Navipet is a Mandal in Nizamabad district in the state of Telangana in India Navipet is top mandal in Nizamabad district Which has good market value for crops and small revenue business. Navipet lies on Nizamabad Bhainsa main road. 
Navipet is famous for weekly goats market.
  

Navipet is a large village located in Navipet Mandal of Nizamabad district, Telangana with total 1938 families residing. The Navipet village has population of 8563 of which 4230 are males while 4333 are females as per Population Census 2011.

In Navipet village population of children with age 0-6 is 973 which makes up 11.36 % of total population of village. Average Sex Ratio of Navipet village is 1024 which is higher than Telangana state average of 993. Child Sex Ratio for the Navipet as per census is 942, higher than Telangana average of 939.

Navipet village has higher literacy rate compared to Telangana. In 2011, literacy rate of Navipet village was 67.58 % compared to 67.02 % of Andhra Pradesh. In Navipet Male literacy stands at 77.53 % while female literacy rate was 57.96 %.

As per constitution of India and Panchyati Raaj Act, Navipet village is administrated by Sarpanch (Head of Village) who is elected representative of village. ATS Srinivas And Mohammed Abdul Raoof { Shakeel } are Sarpanch for Navipet and newly formed Station Area Gram Panchayat.

UPHC  Urban Primary Health Centre, Jagdishwar Reddy hospital are the 2 major hospitals in Navipet. 

List of all towns and Villages in Navipet Mandal of Nizamabad district, Telangana. Complete details of Population, Religion, Literacy and Sex Ratio in tabular format.

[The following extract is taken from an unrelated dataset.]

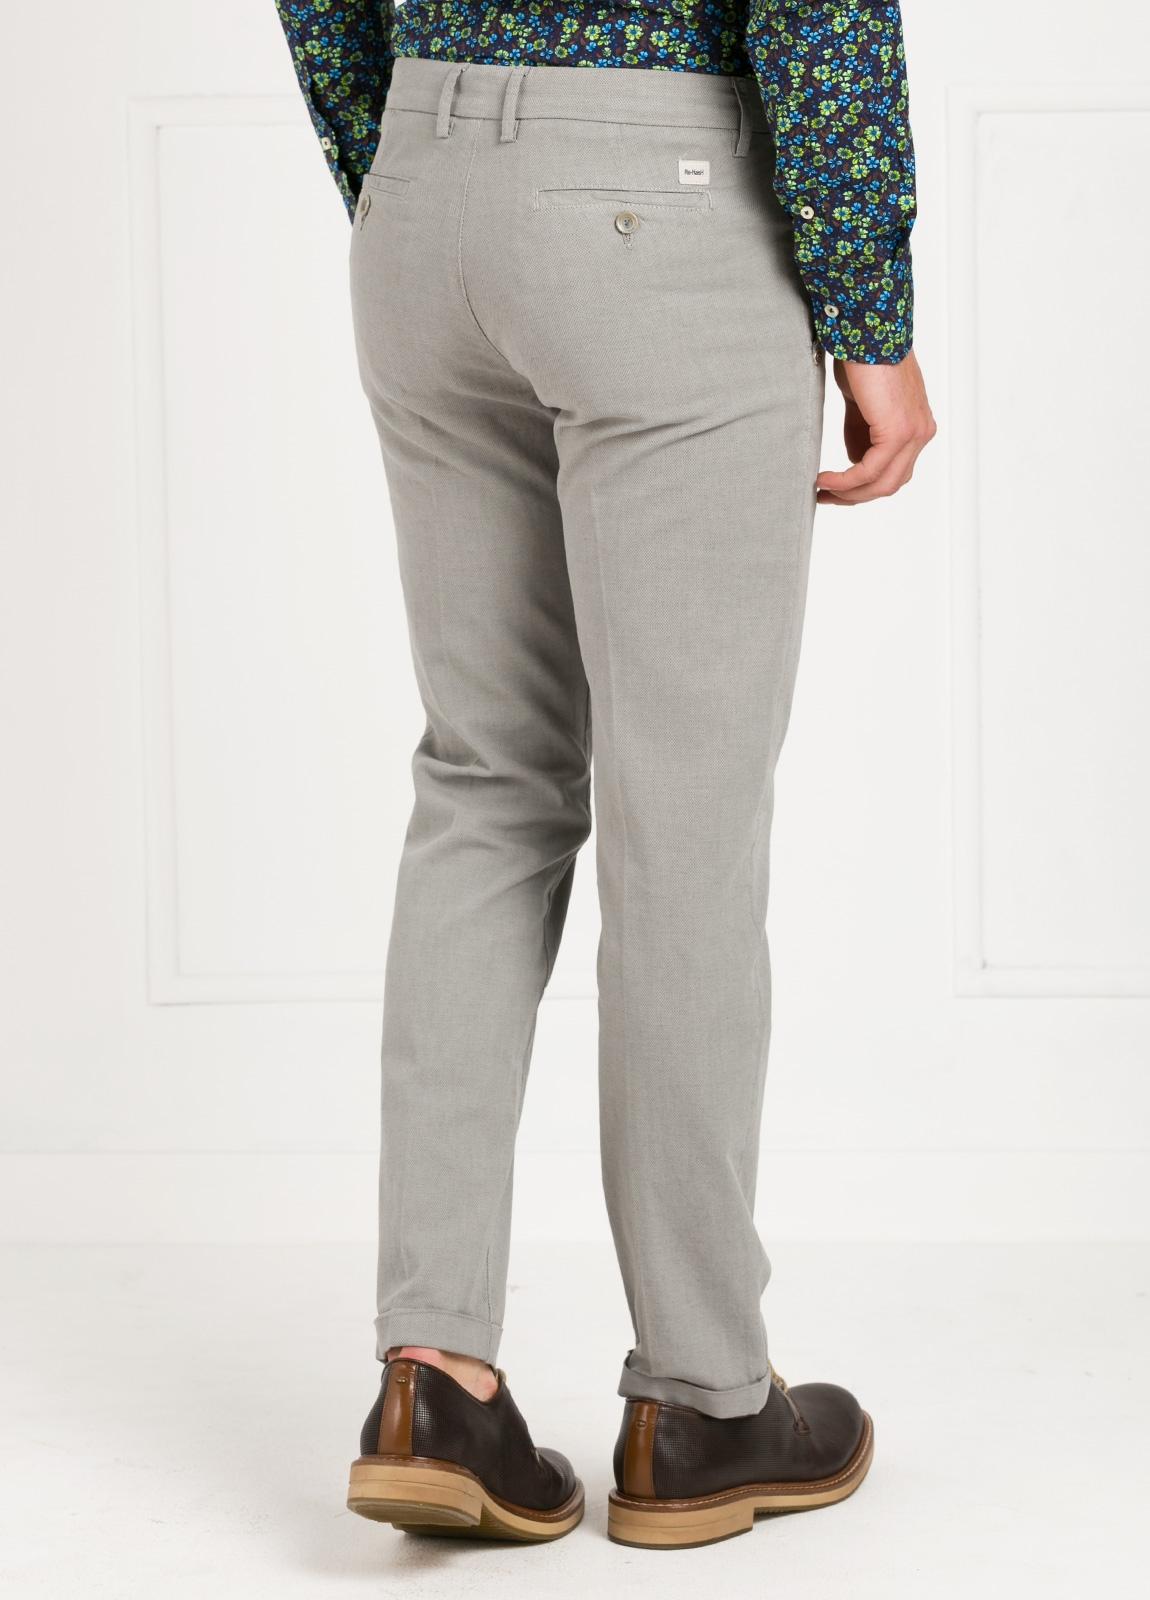 Pantalón sport modelo MUCHA P294 color gris. Algodón y elastáno. - Ítem2

Navipet is also famous for Ayub Hotel & Najeeb Hotel chai. People travelling through Navipet definitely takes chai at both hotels.

Transport

Roadways
Navipet have frequent connectivity to Hyderabad, Nizamabad, Basar and Bhainsa.

Railways
Navipet railway station lies on Secunderabad-Manmad Line. Navipet Railway Station was built by Nizam's Guaranteed State Railways in Around 1903. Navipet have daily passenger trains to Nizamabad Hyderabad and Nanded. Express trains don't have stop
New platform work is under construction from July 2020. 
Passenger trains following Navipet are listed below.

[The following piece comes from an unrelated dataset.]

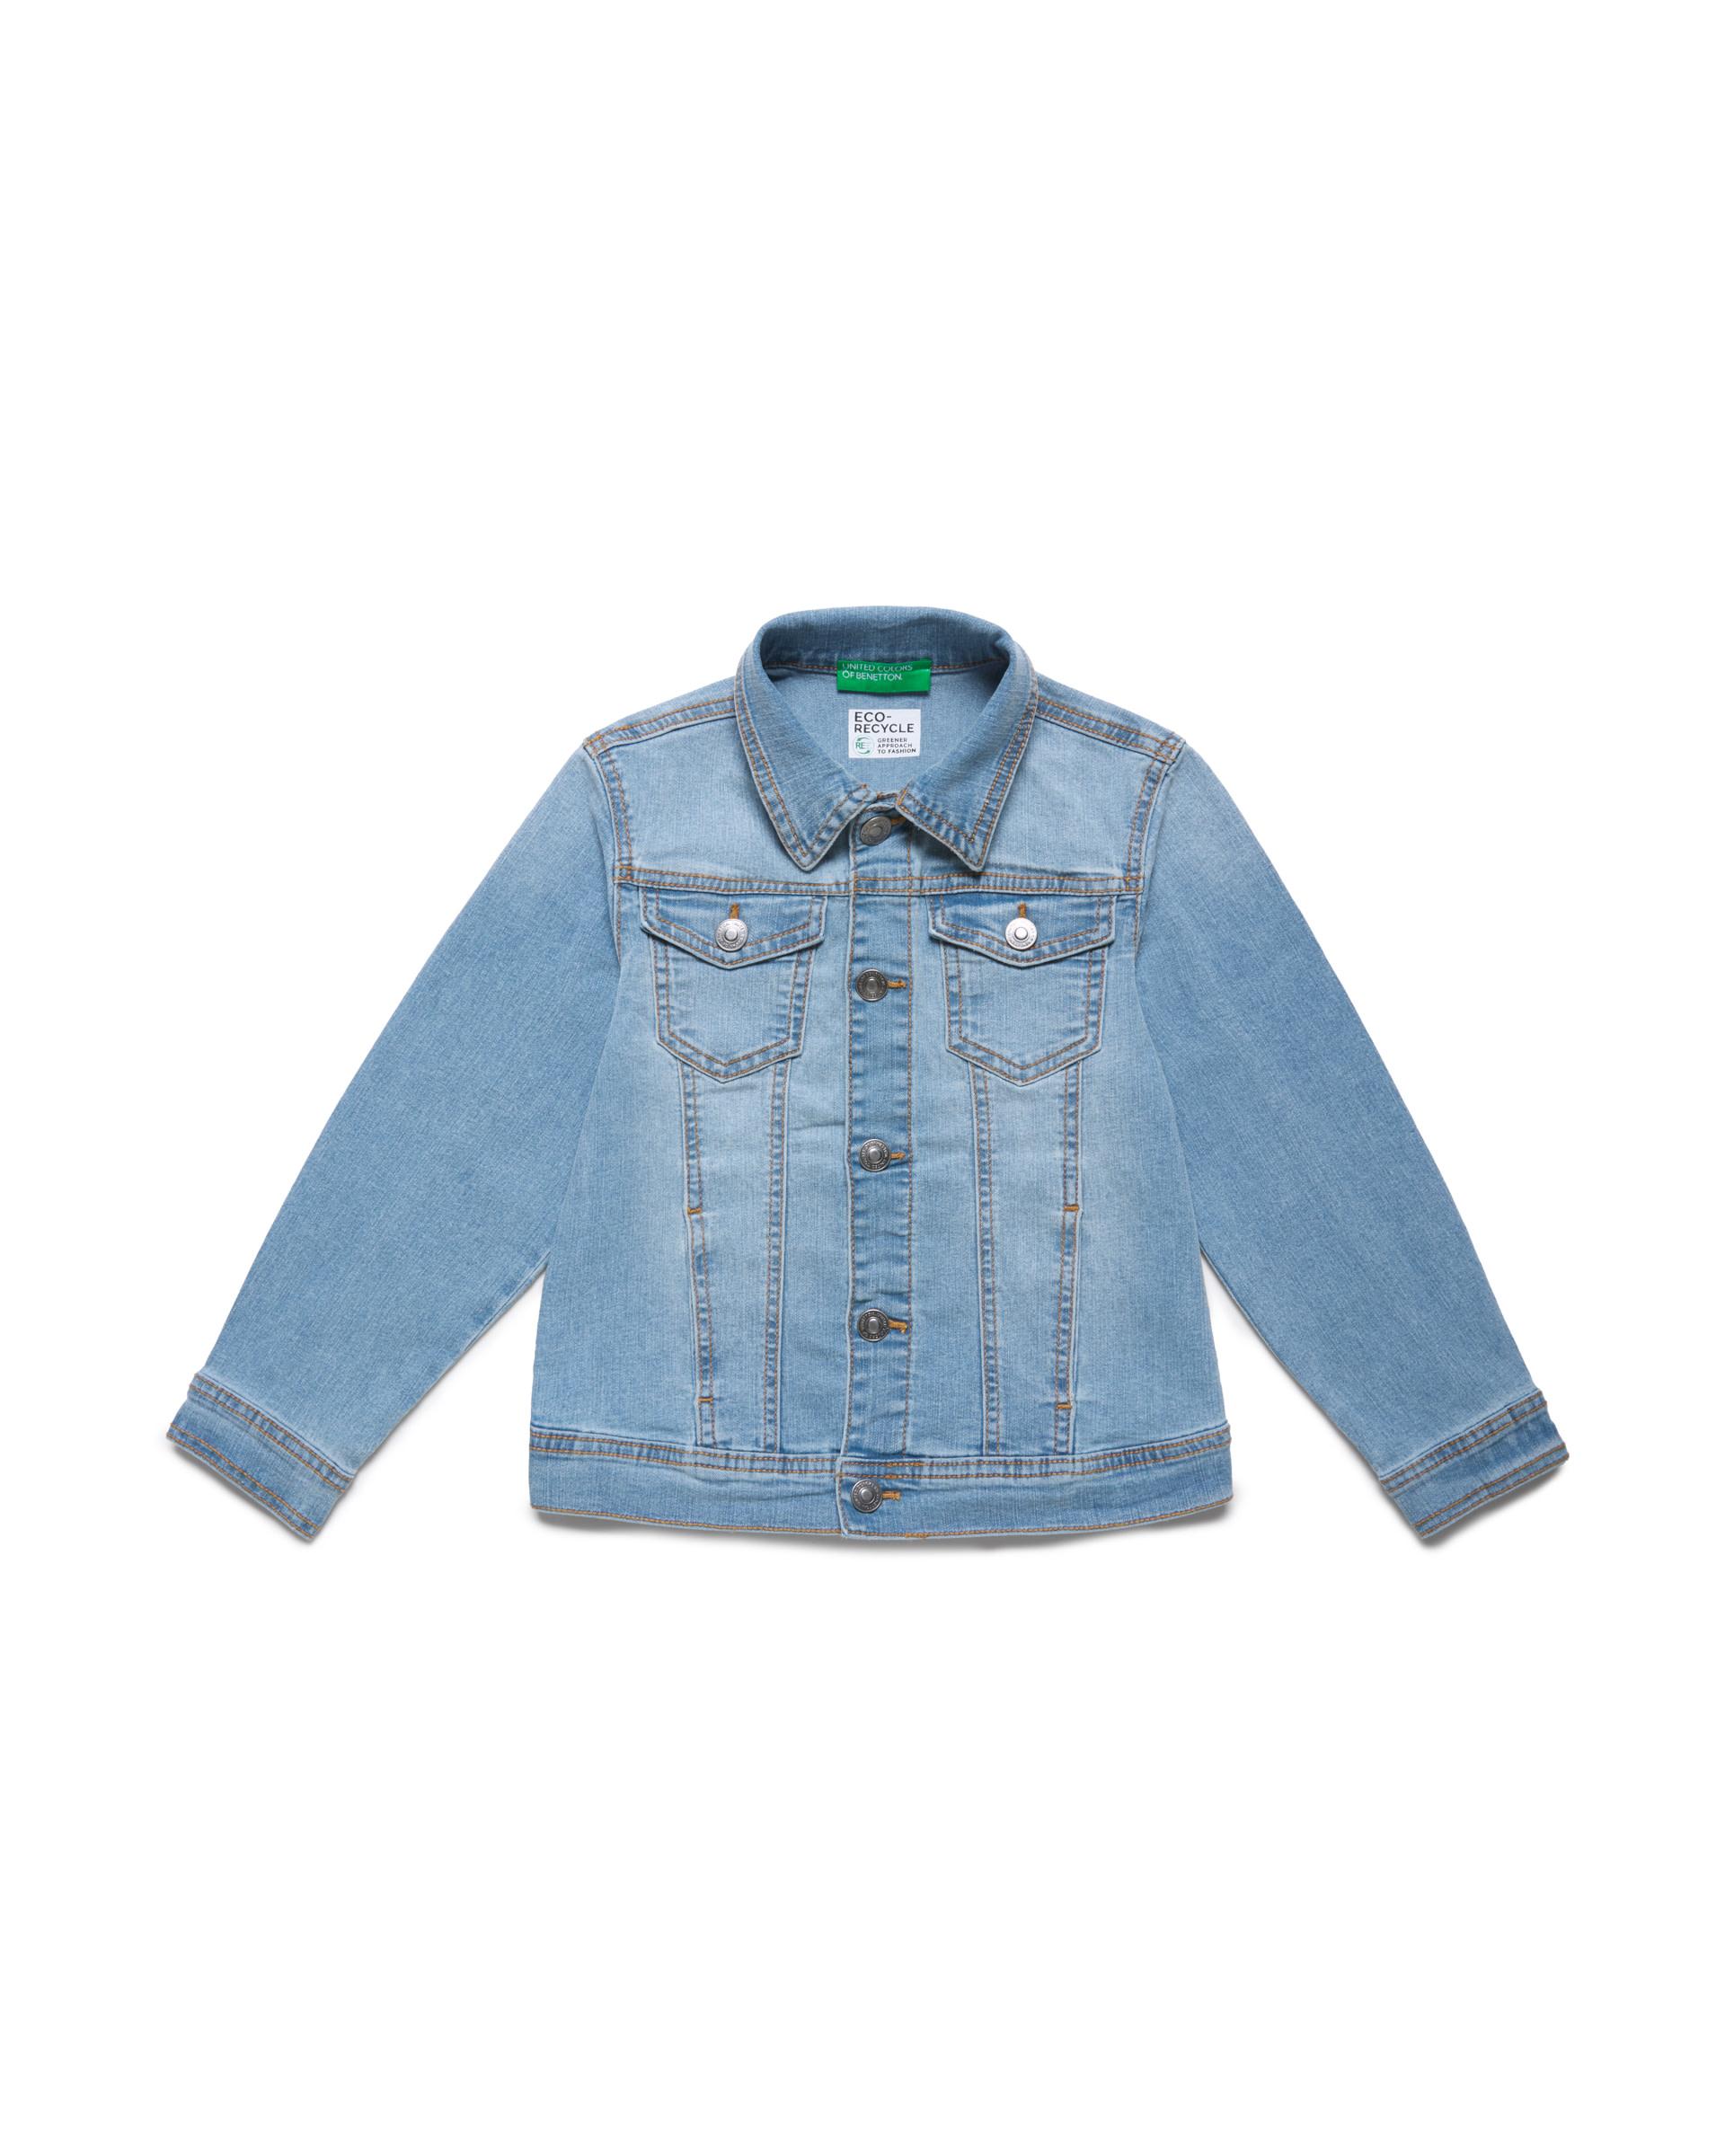 Купить 20P_2XA253HM0_902, Джинсовая куртка для мальчиков Benetton 2XA253HM0_902 р-р 128, United Colors of Benetton, Куртки для мальчиков

Passengers Trains Passing Through Navipet

Airways
RGIA of Hyderabad (176 km) and Nanded airports are nearest airports to Navipet.
Nizamabad airport has been proposed it will be constructed in Jakranpally mandal

Mosques & Temples 
Navipet have 4 mosques, Jama Masjid Market Area, Makkah Masjid Subash Nagar, Madinah Masjid Railway Station Area, Rahmeniya Masjid Dharyapur. Navipet Have Numerous Temples Like Markandeya Mandir Main Road, Hanuman Temple Dharyapur, Sai Baba Temple Venkateshwara Colony, Ayyappa Temple on Basar Road.